The concentrations of TC, TG, HDL-C,LDL-C, ApoB, ApoA-a, Lp(a), sdLDL, and Glu of pregnant women and controls at different time-points. The differeneces were shown as p-value
The correlation between serum lipid and characteristics of pregnant women and neonates was shown in Table 3. In fasting status, pregnancy complication was relevant to TG (p = 0.042) and Glu (p = 0.014). Delivery mode was relevant to TC (p = 0.020), HDL-C (p = 0.028), LDL-C (p = 0.034), and ApoA-1 (p = 0.027). BMI was relevant to TG (p = 0.042) and Glu (p = 0.015).

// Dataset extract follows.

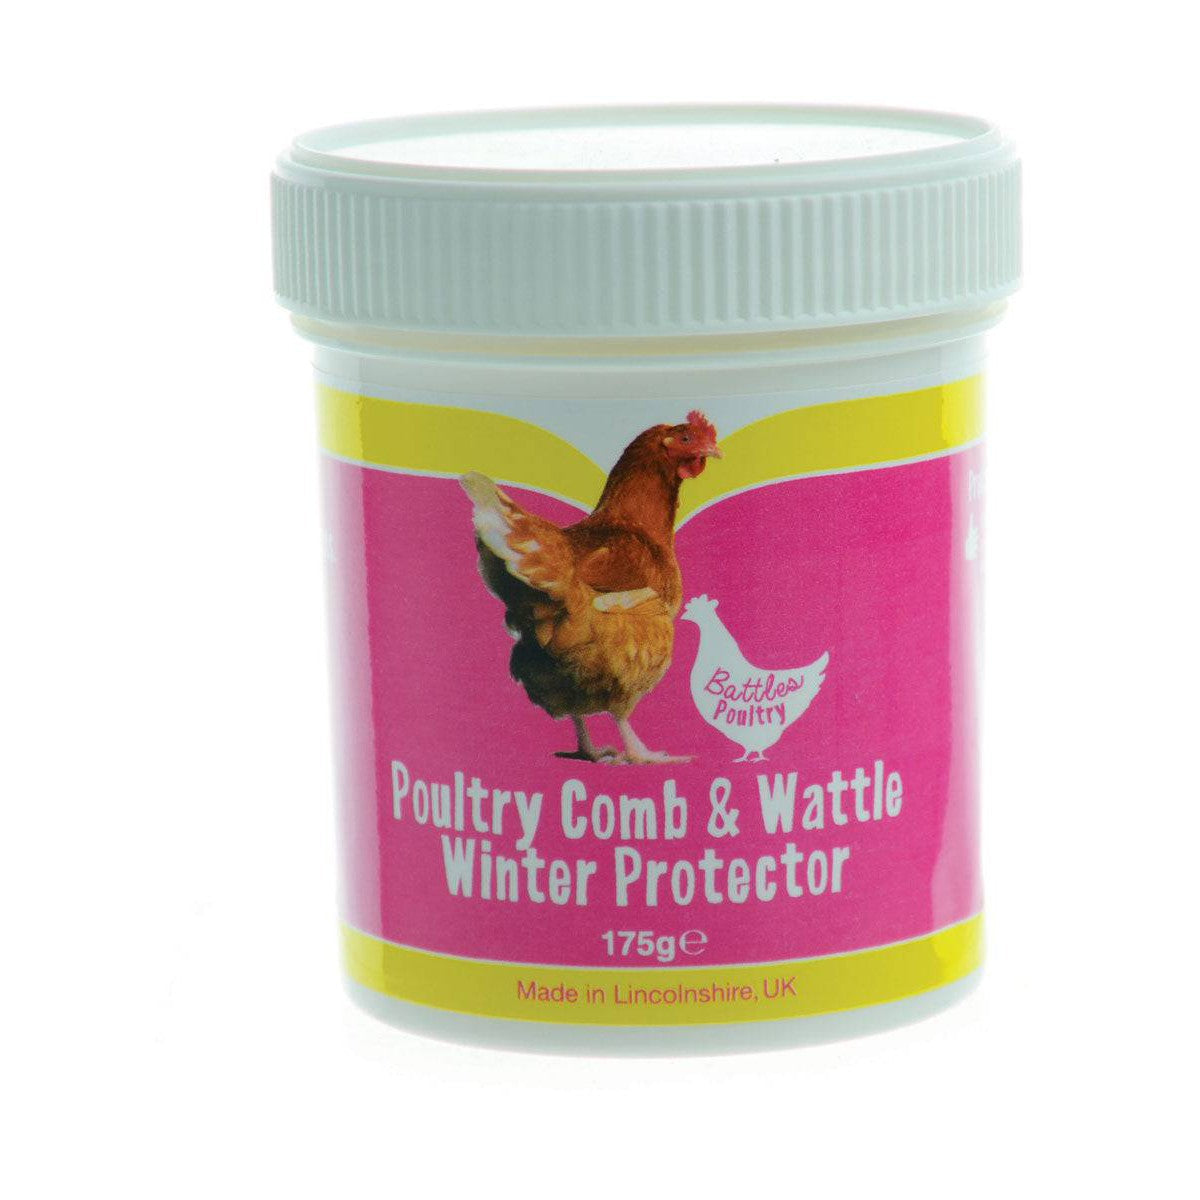 Battles Poultry Comb & Wattle Winter Protector Poultry Battles Barnstaple Equestrian Supplies
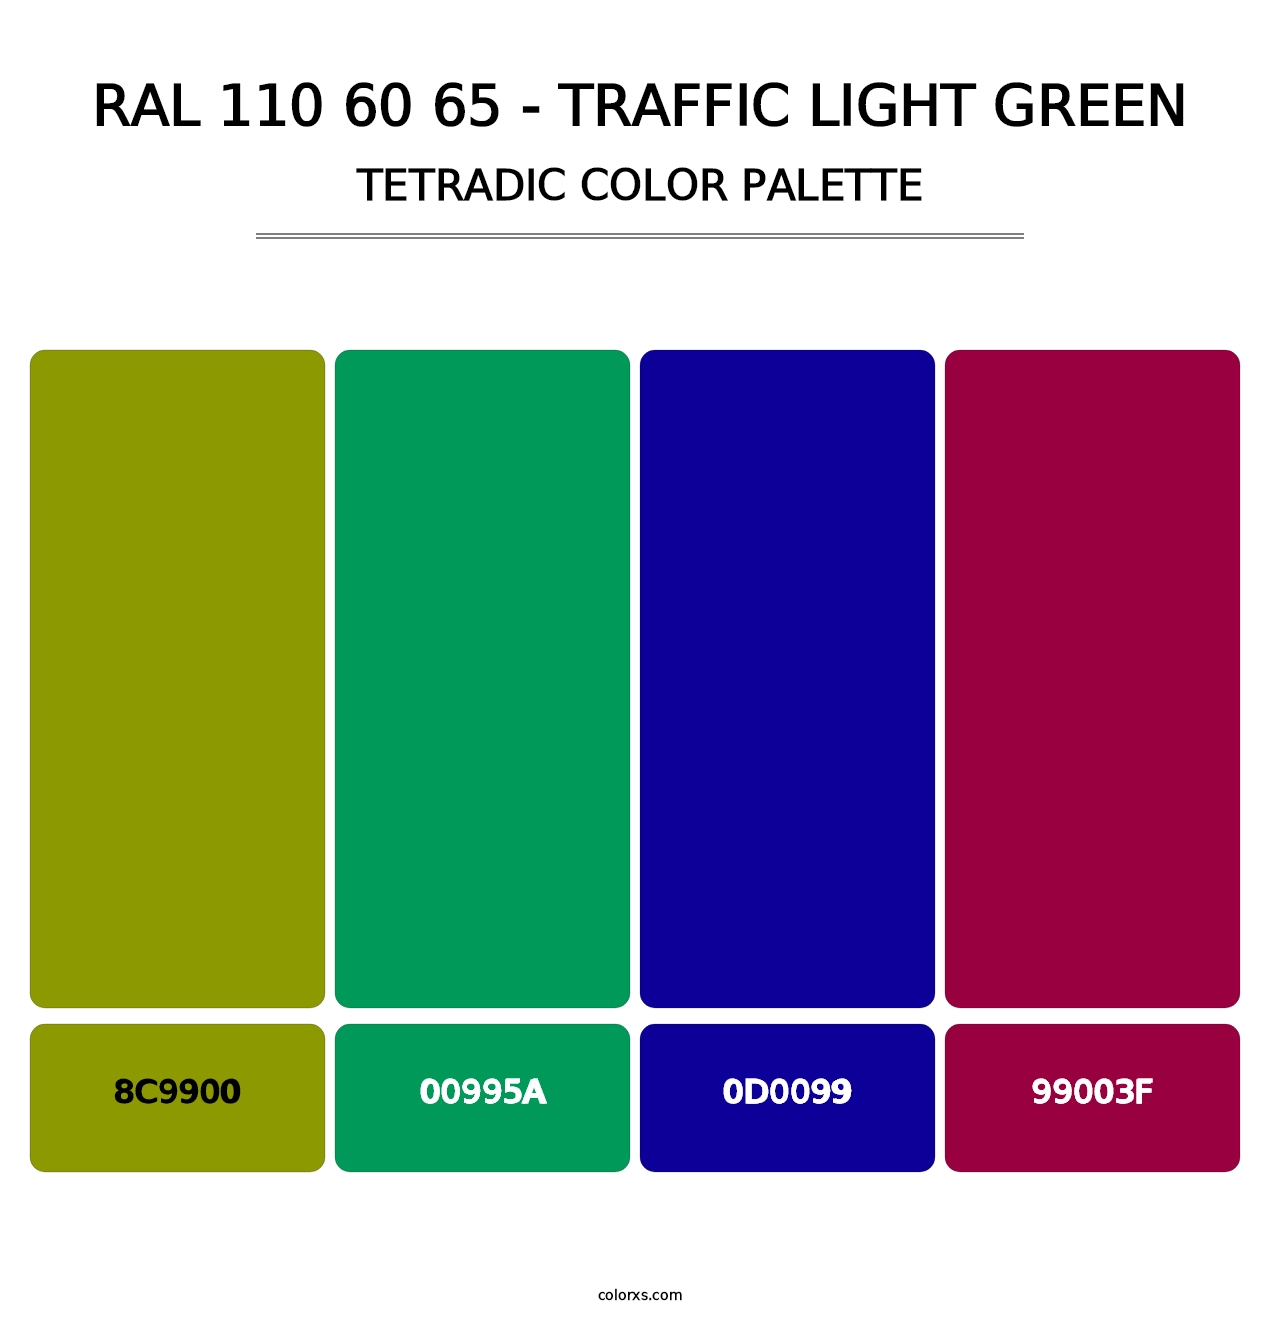 RAL 110 60 65 - Traffic Light Green - Tetradic Color Palette

Otherwise, in non-fasting status (2 h after breakfast), pregnancy complication was relevant to TC (p = 0.041), HDL-C (p = 0.014), Glu (p = 0.004). Delivery mode was relevant to TC (p = 0.012), HDL-C (p = 0.013), LDL-C (p = 0.026), ApoA-1 (p = 0.012), and sdLDL (p = 0.044). BMI was relevant to TG (p = 0.027).
Discussion
Maternal fat accumulation and hyperlipidemia are characteristic features of maternal lipid metabolism [32]. The changes are essential for nutrient supply to fetal growth and development [33]. In our study, we found the higher level of lipid in pregnant women than controls, which was reported in previous studies [18, 34, 35].
Most studies have reported the significance of pregnant lipid level, but they ignored the influence of non-fasting [21, 36, 37]. In our study, we compared the differences between fasting and non-fasting lipid level of pregnant women. We found no differences of all lipids levels between fasting and non-fasting status in pregnant women. It showed that the non-fasting lipids levels can used to evaluate the serum lipid status of women instead of fasting lipids. Unlike the changes of lipids levels of controls after the meal (especially TG) in this study and other studies previous [38], the influence of intake may be ignored by the pregnant status and the results reported by other studies might not be diluted by the non-fasting state [21, 37].
We also found the elevated levels of most serum lipids including TC, LDL-C, ApoB, ApoA1 and sdLDL in pregnant women, which were also reported in previous studies [6, 10, 11, 39,40,41], but no significant difference was found for HDL-C concentration inconsistent with other researches [6, 9, 39]. It might be accounted for the trimester of pregnancy. Otherwise, we deemed the difference of TG concentration was no significant between pregnant women and controls. The appearance of differences of TG in fasting state might be affected by the huger state and energy over-consumption [42].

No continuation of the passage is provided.